Je ne sais pas si je poste dans la bonne rubrique...
Mon école nous donne nos emplois du temps via Hyperplanning. Je peux obtenir un lien .ics pour le synchroniser en permanence avec iCal, et ça marche très bien, mon hyperplanning apparaît dans mes abonnements et s'affiche sur mon calendrier. Bref, je suis contente, je sais quand je dois aller en cours.
... Sauf que maintenant, j'aimerais bien synchroniser tout ça avec mon Google Agenda, histoire de l'avoir aussi sur mon téléphone Android (oui je sais c'est mal, mais l'iPhone coûte trop cher pour une étudiante :rose. Et là, c'est le drame : lorsque dans mon Google Agenda, onglet "autres agendas" je fais "ajouter par le lien" et que j'entre l'url de mon hyperplanning (qui marche très bien, n'est-ce pas, puisque j'arrive à l'utiliser dans iCal et que l'entrer dans mon navigateur me fait télécharger le fichier .ics), j'ai le petit message orange qui s'affiche et m'indique que c'est en cours de synchronisation ; j'attends... et... rien. Le petit message s'efface, et mon emploi du temps reste obstinément vide.
Est-ce qu'il y aurait une manière de contourner le problème, à défaut de le résoudre ? Par exemple en faisant croire à Google Agenda que cet emploi du temps, c'est moi qui l'ai créé sur mon iCal maison et qu'il doit le charger au même titre que mon rendez-vous chez le dentiste ?

Merci d'avance !


----------



## pascalformac (6 Octobre 2013)

ben c'est pas là
le sujet sera deplacé

t'as oublié de preciser quel ical, ( quel OS mac)
( les choses varient un peu entre version)
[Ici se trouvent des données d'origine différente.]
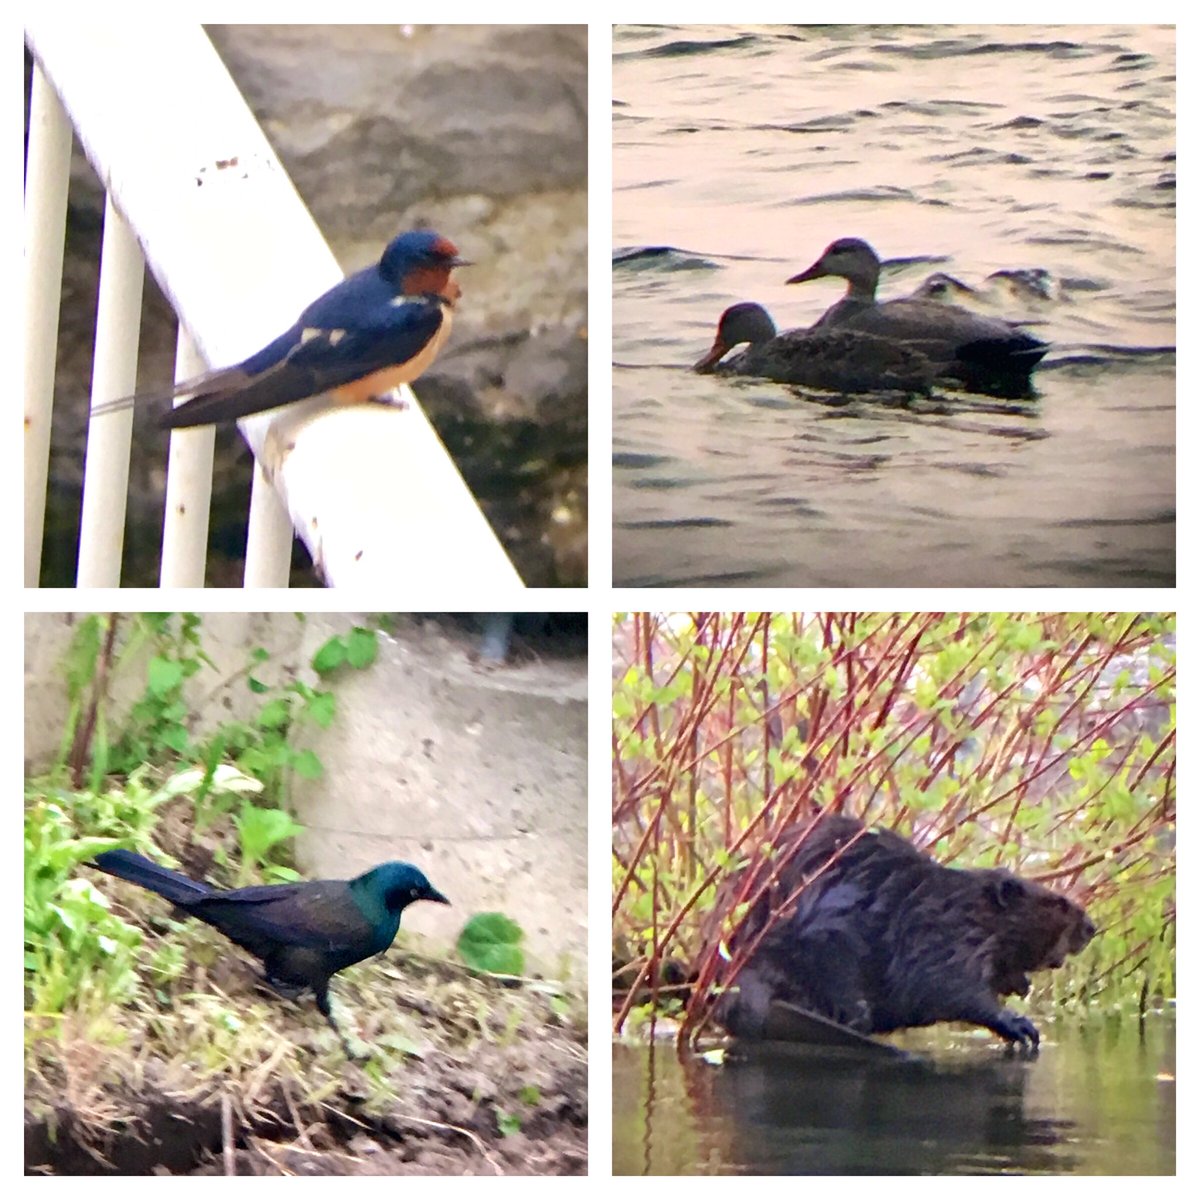 Ontario Place bird (& wildlife) notes #5 | New sights this evening - two Gadwall ducks among a group of cormorants, ring-billed gulls, and a mute swan. And a beaver!

et si tu faisais l'inverse  -t'abonner via google à un calendrier...ical-
ca donne quoi?
voir là et gaffe au detail de la" double identification"
https://support.google.com/calendar/answer/99358


ps t'es loiiiiin d'etre un cas unique
 il y a toujours eu des couacs es abonnements google agenda
(toutes machines tous OS)


----------



## Chantefleur (6 Octobre 2013)

Mac version 10.8.2, Calendrier version 6.0
Mon iCal et mon Google Agenda sont déjà synchro pour tout ce qui est "agenda perso" (= rdv que je rajoute à la main, mais pas les cours de mon école, donc), pas de souci de ce côté. Le problème, c'est vraiment l'abonnement de mon Google Agenda à l'agenda de l'école qui n'est pas possible alors que le même abonnement marche nickel dans iCal.



------------------------------------------
_Note du modérateur-squatteur (ici Aliboron) : _
*La synchronisation de calendrier (ou d'autre chose), ça relève des réseaux, pas vraiment de la bureautique. Comme on a bien entendu lu au préalable le message de Pascal77 en tête du forum "Bureautique, utilitaires, éducation", on déménage vers "Internet et réseau", là où se retrouvent les spécialistes de la chose. Et hop !!!

Remarque : ce n'est ni une brimade, ni une punition, c'est juste un peu de rangement...*


----------